We must guard against the consumerist attitudes that pervade our culture. I don't have a methodology that works completely. I tend to be eclectic, borrowing from all of these approaches, which isn't the best thing to do. I do know that teachers need not justify their writing lessons by referring to the needs of the workplace, and theoreticians must guard against translating the practices of social class into a methodology of writing. If we, as teachers, encourage the entrenchment of consumerism in our society and aid its invasion of the academy, we cheat our students out of an education intended to develop their full potential. We must consider long range goals as well as short range ones. We should contribute to the survival of our culture by helping its members to be healthy and adaptive, flexible enough to seize the alternative when it is required. All of us benefit from consumerist society, but none of us need to be slaves to it. Let's make that a lesson in our writing classes.


Works Cited

Berlin, James. "Rhetoric and Ideology in the Writing Class." College English 50.5 (September 1988): 477-494.
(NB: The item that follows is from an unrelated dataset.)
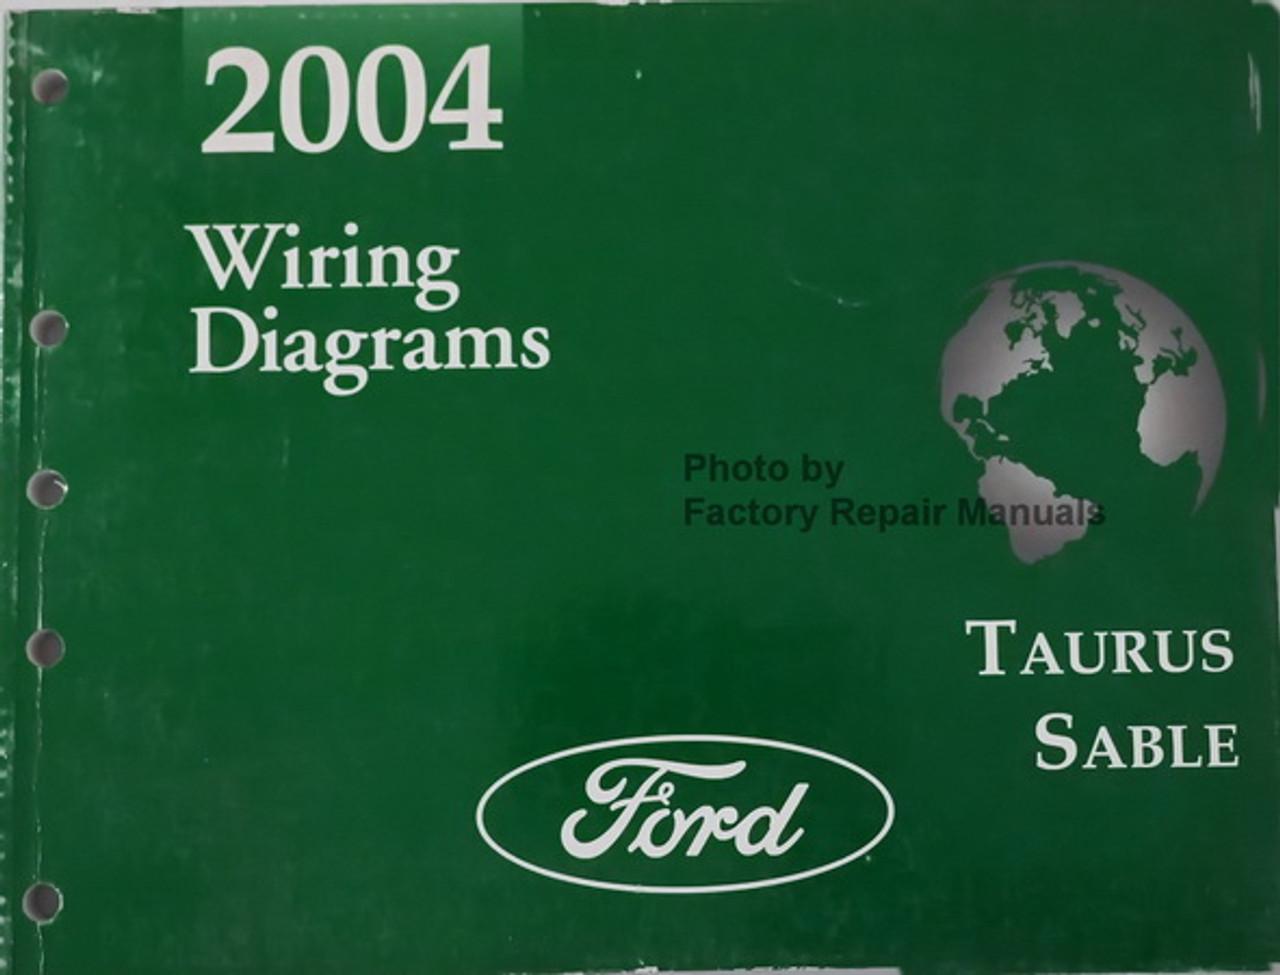 2004 Ford Taurus Mercury Sable Electrical Wiring Diagrams Original Shop Manual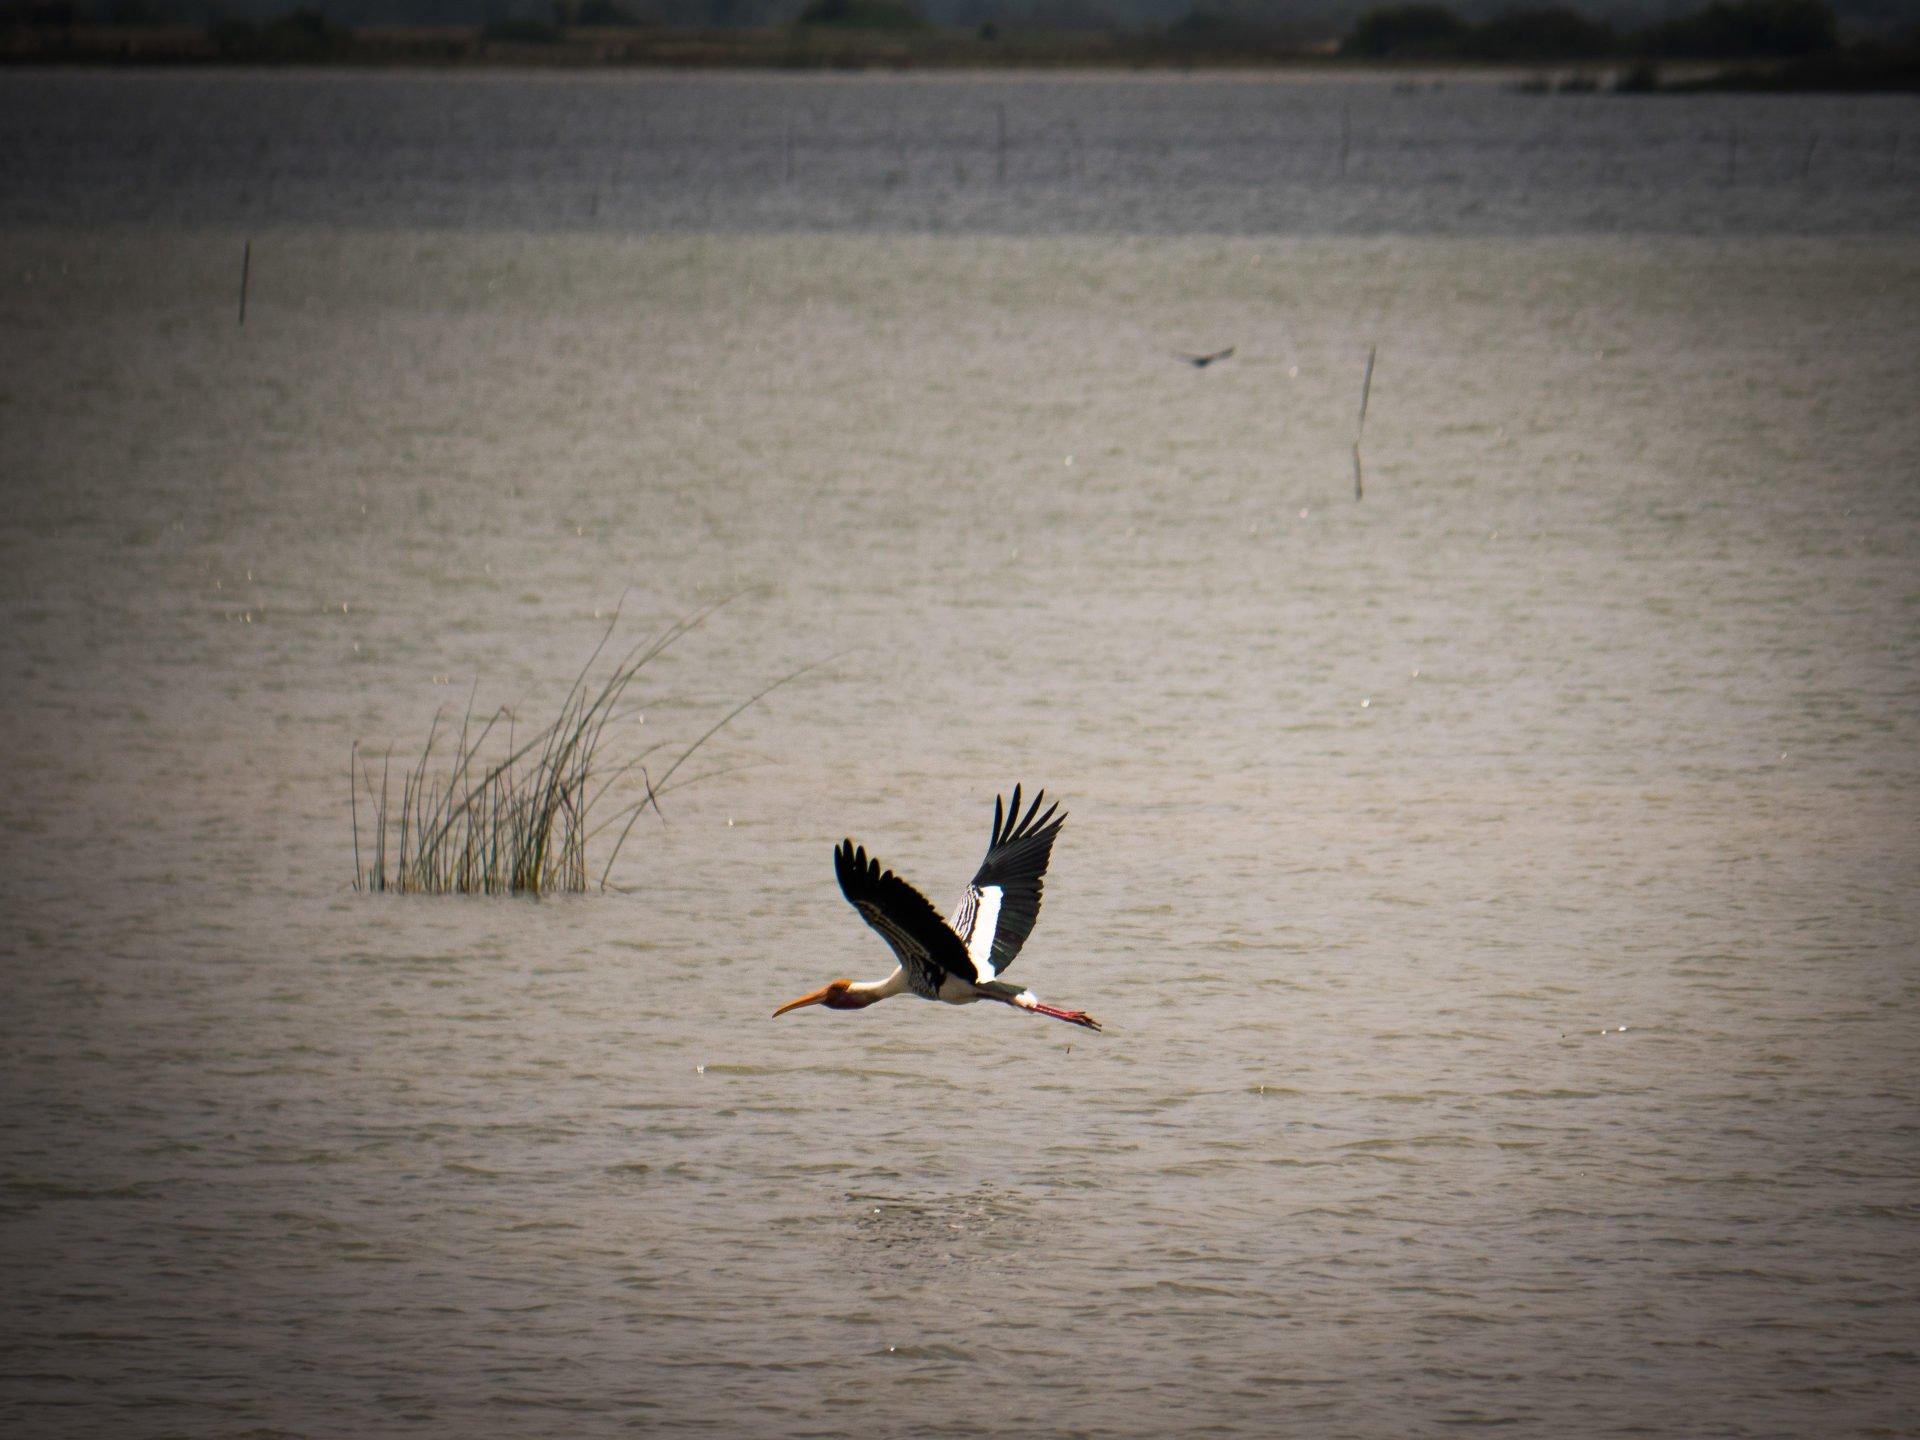 jaffna oiseau - Les globe blogueurs - blog voyage nature

Bernstein, Basil. Class, Codes and Control. New York: Schocken Books, 1971.

Carter, Michael. "Problem Solving Reconsidered: A Pluralistic Theory of Problems." College English 50.5 (September 1988): 551-561.

Coe, Richard M. "An Apology for Form; or, Who Took the Form Out of the Process?" College English 49.1 (January 1987): 13-28.

Elbow, Peter. Writing with Power. New York: Oxford University Press, 1981.

Faigley, Lester. "Competing Theories of Process: A Critique and a Proposal." College English 48.6 (October 1986): 527- 542.

Fish, Stanley. Doing What Comes Naturally. Durham, NC: Duke University Press, 1989.

Flower, Linda. "The Construction of Purpose in Writing and Reading." College English 50.5 (September 1988): 528-565.

Irmscher, William. Teaching Expository Writing. New York: Holt, Rinehart and Winston, 1979.

Lynn, Steven. "Reading the Writing Process: Toward a Theory of Current Pedagogies." College English 49.8 (December 1987): 902-921.

Russell, David R. "Writing Across the Curriculum in Historical Perspective: Toward a Social Interpretation." College English 52.1 (January 1990): 52-71.

Schaffer, Deborah. "A Linguistics-based Approach to Teaching Perspective Grammar." The Montana Professor 1.1 (Winter 1991): 3-5.

Tuman, Myron C. "Class, Codes, and Composition: Basil Bernstein and the Critique of Pedagogy." College Composition and Communication 39.1 (February 1988): 42-51.